#### [BRIEF]
Word for word, copy all the data and drop the pictures.

#### [SUPPLIED DATA]
-=-=-

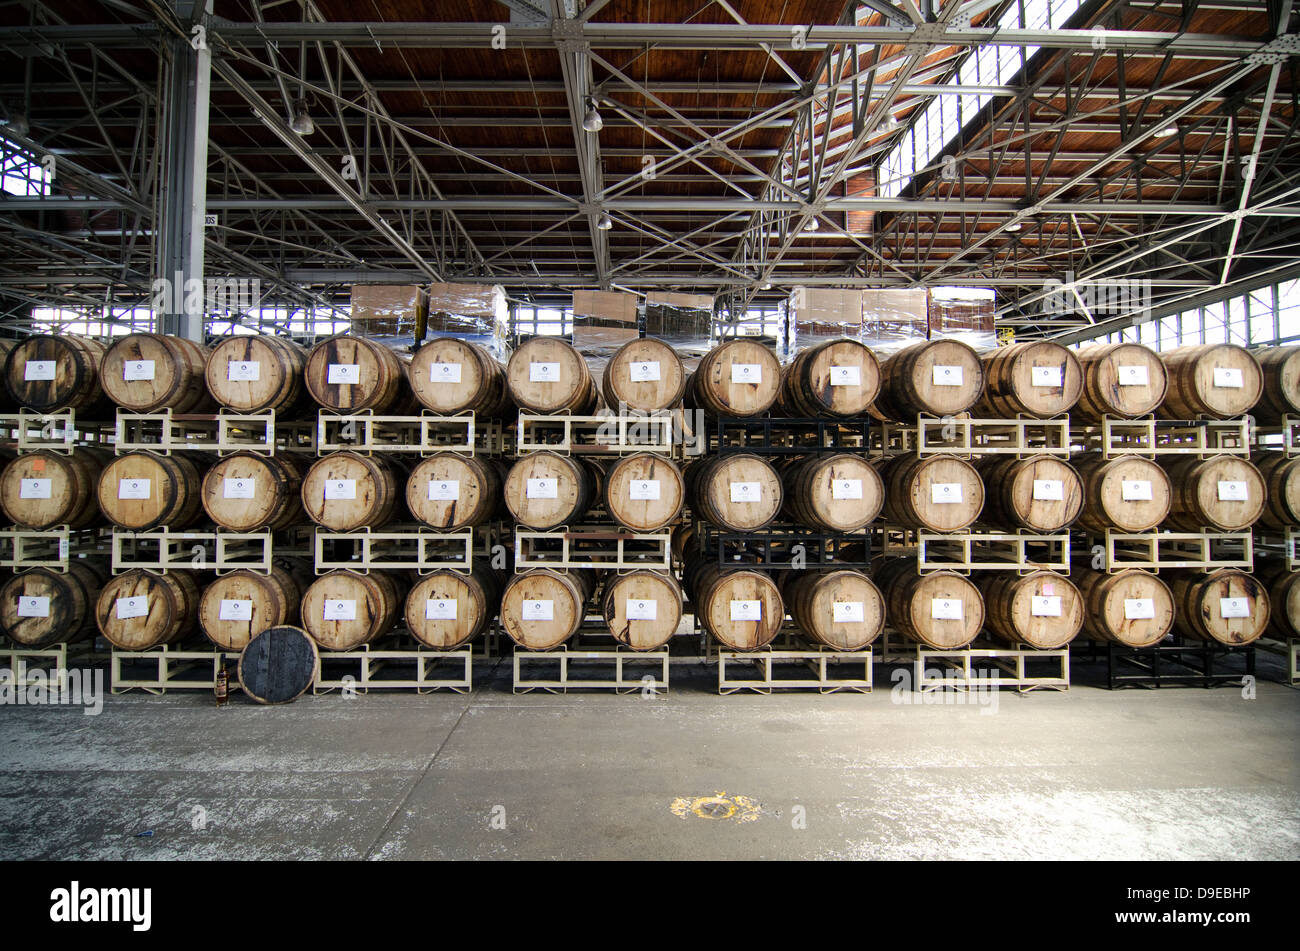 Barrels of whiskey are stacked in the St. George Distillery in Alameda, CA. Stock Photo
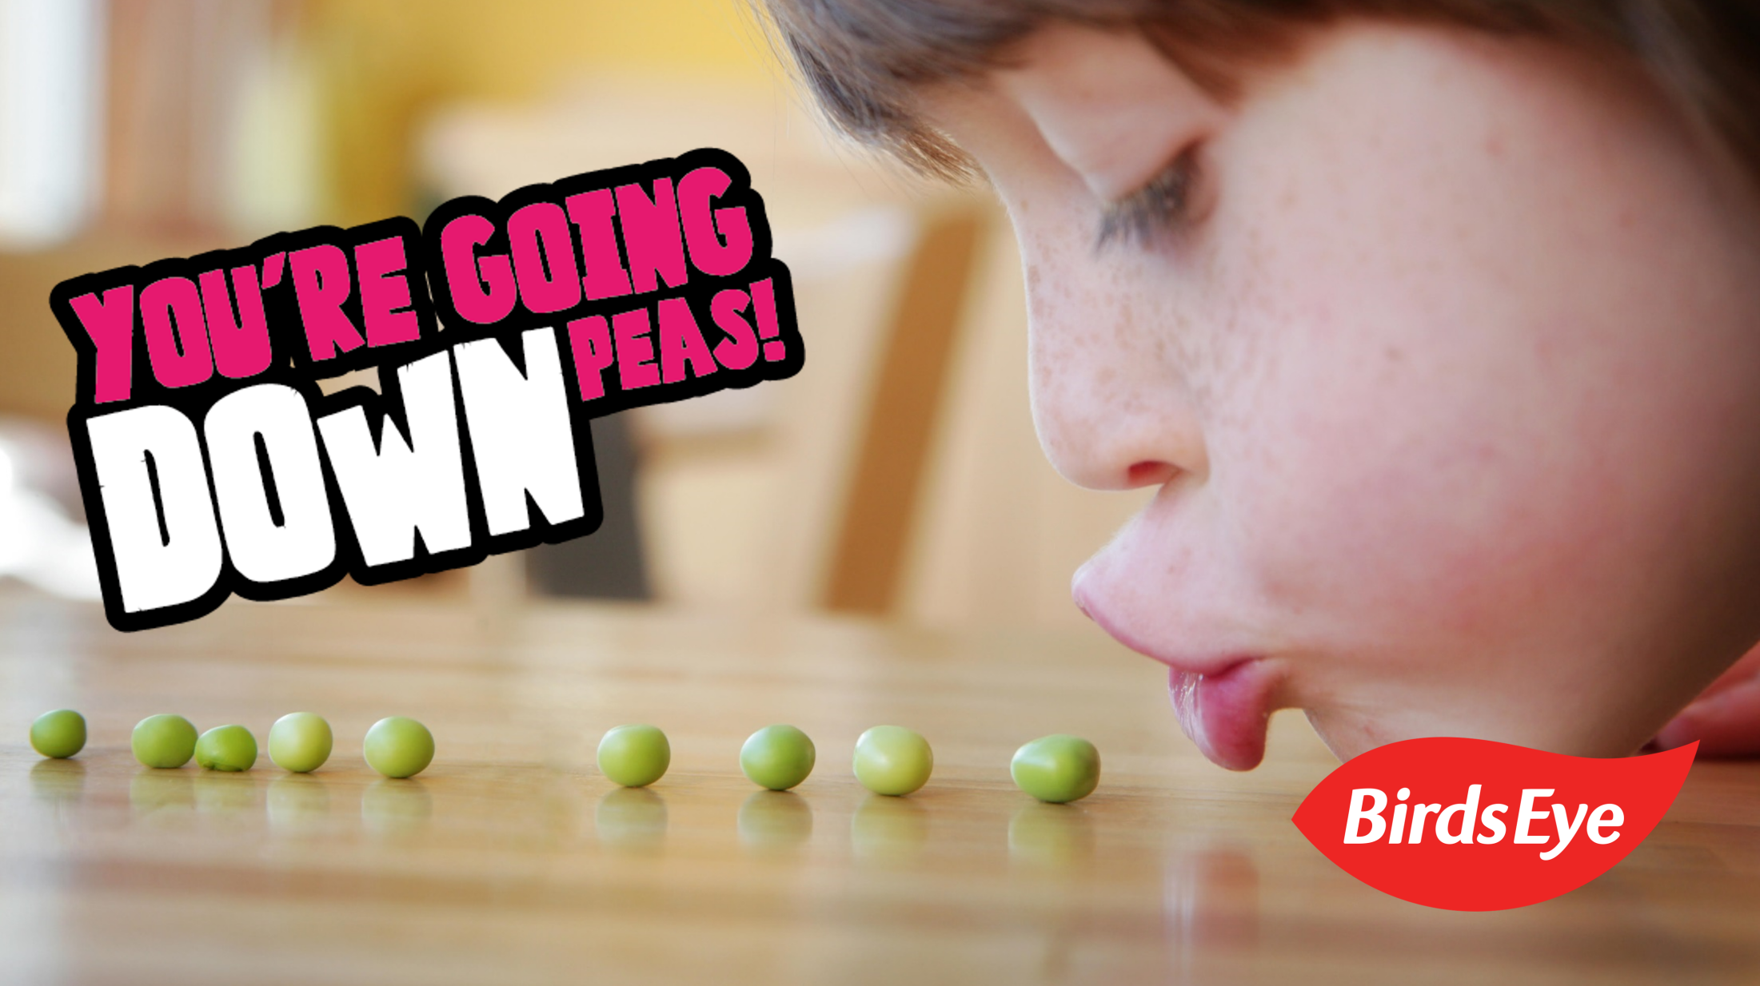 Your're going down peas
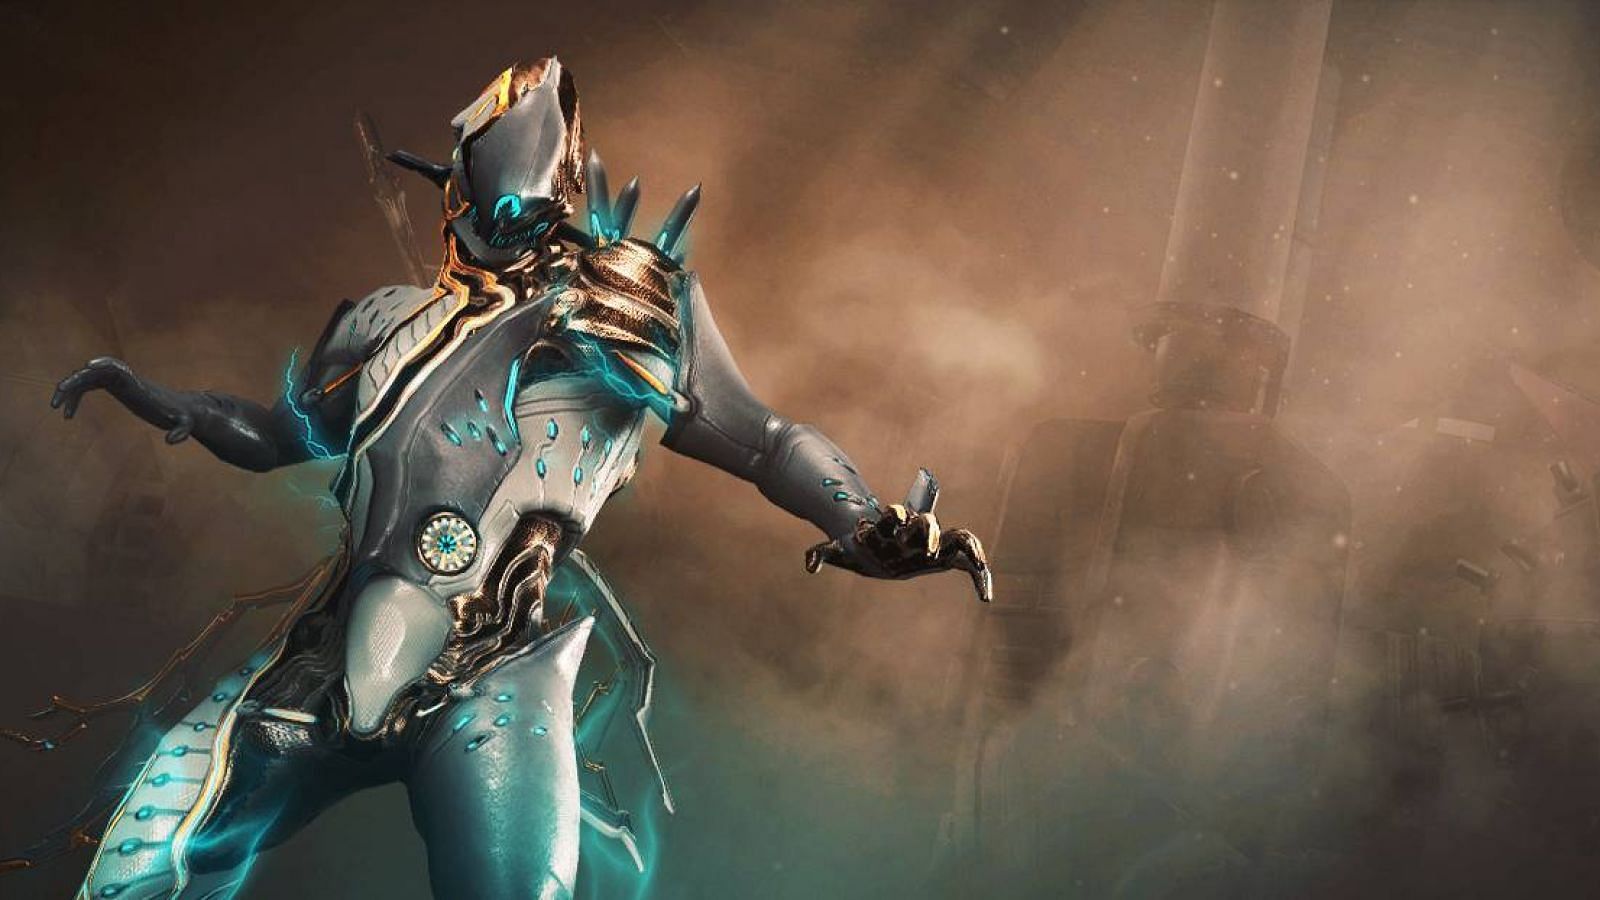 Volt Proto Skin can be purchased for 165 Platinums from the Market (Image via Digital Extremes)

-=-=-

#### [RESULT FOR THIS EXERCISE]
 Barrels of whiskey are stacked in the St. George Distillery in Alameda, CA. Stock Photo
 Your're going down peas
 Volt Proto Skin can be purchased for 165 Platinums from the Market (Image via Digital Extremes)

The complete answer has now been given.